* PROBLEM REQUIREMENTS:
Give back exactly the lines of the entries below from the line with "Donwload Photo المؤمن" to the line with "Just owlboy", inclusive, and only those.

* DATA TO EXAMINE:
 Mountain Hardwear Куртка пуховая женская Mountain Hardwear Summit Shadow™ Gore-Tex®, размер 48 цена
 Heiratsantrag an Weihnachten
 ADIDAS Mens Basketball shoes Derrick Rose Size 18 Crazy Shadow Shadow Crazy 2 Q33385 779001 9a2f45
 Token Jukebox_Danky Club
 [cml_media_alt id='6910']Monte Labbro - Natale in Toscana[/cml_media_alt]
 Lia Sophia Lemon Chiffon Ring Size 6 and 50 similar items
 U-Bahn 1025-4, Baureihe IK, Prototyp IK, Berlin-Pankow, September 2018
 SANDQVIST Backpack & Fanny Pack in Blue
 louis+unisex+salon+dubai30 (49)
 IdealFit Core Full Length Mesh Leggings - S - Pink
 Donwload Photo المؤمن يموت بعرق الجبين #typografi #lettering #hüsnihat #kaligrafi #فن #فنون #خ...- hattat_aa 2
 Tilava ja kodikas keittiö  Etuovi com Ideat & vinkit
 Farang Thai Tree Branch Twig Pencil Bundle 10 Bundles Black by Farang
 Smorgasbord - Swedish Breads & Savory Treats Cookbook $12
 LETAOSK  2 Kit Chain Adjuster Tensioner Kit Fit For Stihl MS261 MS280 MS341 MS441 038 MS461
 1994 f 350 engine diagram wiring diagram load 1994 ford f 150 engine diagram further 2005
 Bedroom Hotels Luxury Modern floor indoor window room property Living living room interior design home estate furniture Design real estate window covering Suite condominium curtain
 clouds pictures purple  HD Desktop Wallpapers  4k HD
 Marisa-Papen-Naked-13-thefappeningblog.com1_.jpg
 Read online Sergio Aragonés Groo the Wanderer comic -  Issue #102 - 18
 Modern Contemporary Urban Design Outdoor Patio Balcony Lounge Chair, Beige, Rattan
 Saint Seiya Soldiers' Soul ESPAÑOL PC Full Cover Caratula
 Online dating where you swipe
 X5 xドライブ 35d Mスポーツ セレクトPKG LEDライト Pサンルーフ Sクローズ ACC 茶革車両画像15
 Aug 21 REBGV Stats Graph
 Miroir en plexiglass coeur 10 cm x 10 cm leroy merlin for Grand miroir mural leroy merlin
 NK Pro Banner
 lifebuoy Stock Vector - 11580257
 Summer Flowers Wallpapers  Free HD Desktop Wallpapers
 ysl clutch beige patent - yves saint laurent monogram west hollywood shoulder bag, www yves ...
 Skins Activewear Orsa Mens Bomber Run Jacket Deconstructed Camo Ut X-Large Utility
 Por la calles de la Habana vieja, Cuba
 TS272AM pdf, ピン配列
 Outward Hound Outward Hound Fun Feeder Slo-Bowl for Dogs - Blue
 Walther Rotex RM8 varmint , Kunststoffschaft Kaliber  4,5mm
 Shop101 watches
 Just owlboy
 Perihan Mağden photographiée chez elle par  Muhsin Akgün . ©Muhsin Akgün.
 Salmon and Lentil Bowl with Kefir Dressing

* SOLUTION FOR THIS PROBLEM:
 Donwload Photo المؤمن يموت بعرق الجبين #typografi #lettering #hüsnihat #kaligrafi #فن #فنون #خ...- hattat_aa 2
 Tilava ja kodikas keittiö  Etuovi com Ideat & vinkit
 Farang Thai Tree Branch Twig Pencil Bundle 10 Bundles Black by Farang
 Smorgasbord - Swedish Breads & Savory Treats Cookbook $12
 LETAOSK  2 Kit Chain Adjuster Tensioner Kit Fit For Stihl MS261 MS280 MS341 MS441 038 MS461
 1994 f 350 engine diagram wiring diagram load 1994 ford f 150 engine diagram further 2005
 Bedroom Hotels Luxury Modern floor indoor window room property Living living room interior design home estate furniture Design real estate window covering Suite condominium curtain
 clouds pictures purple  HD Desktop Wallpapers  4k HD
 Marisa-Papen-Naked-13-thefappeningblog.com1_.jpg
 Read online Sergio Aragonés Groo the Wanderer comic -  Issue #102 - 18
 Modern Contemporary Urban Design Outdoor Patio Balcony Lounge Chair, Beige, Rattan
 Saint Seiya Soldiers' Soul ESPAÑOL PC Full Cover Caratula
 Online dating where you swipe
 X5 xドライブ 35d Mスポーツ セレクトPKG LEDライト Pサンルーフ Sクローズ ACC 茶革車両画像15
 Aug 21 REBGV Stats Graph
 Miroir en plexiglass coeur 10 cm x 10 cm leroy merlin for Grand miroir mural leroy merlin
 NK Pro Banner
 lifebuoy Stock Vector - 11580257
 Summer Flowers Wallpapers  Free HD Desktop Wallpapers
 ysl clutch beige patent - yves saint laurent monogram west hollywood shoulder bag, www yves ...
 Skins Activewear Orsa Mens Bomber Run Jacket Deconstructed Camo Ut X-Large Utility
 Por la calles de la Habana vieja, Cuba
 TS272AM pdf, ピン配列
 Outward Hound Outward Hound Fun Feeder Slo-Bowl for Dogs - Blue
 Walther Rotex RM8 varmint , Kunststoffschaft Kaliber  4,5mm
 Shop101 watches
 Just owlboy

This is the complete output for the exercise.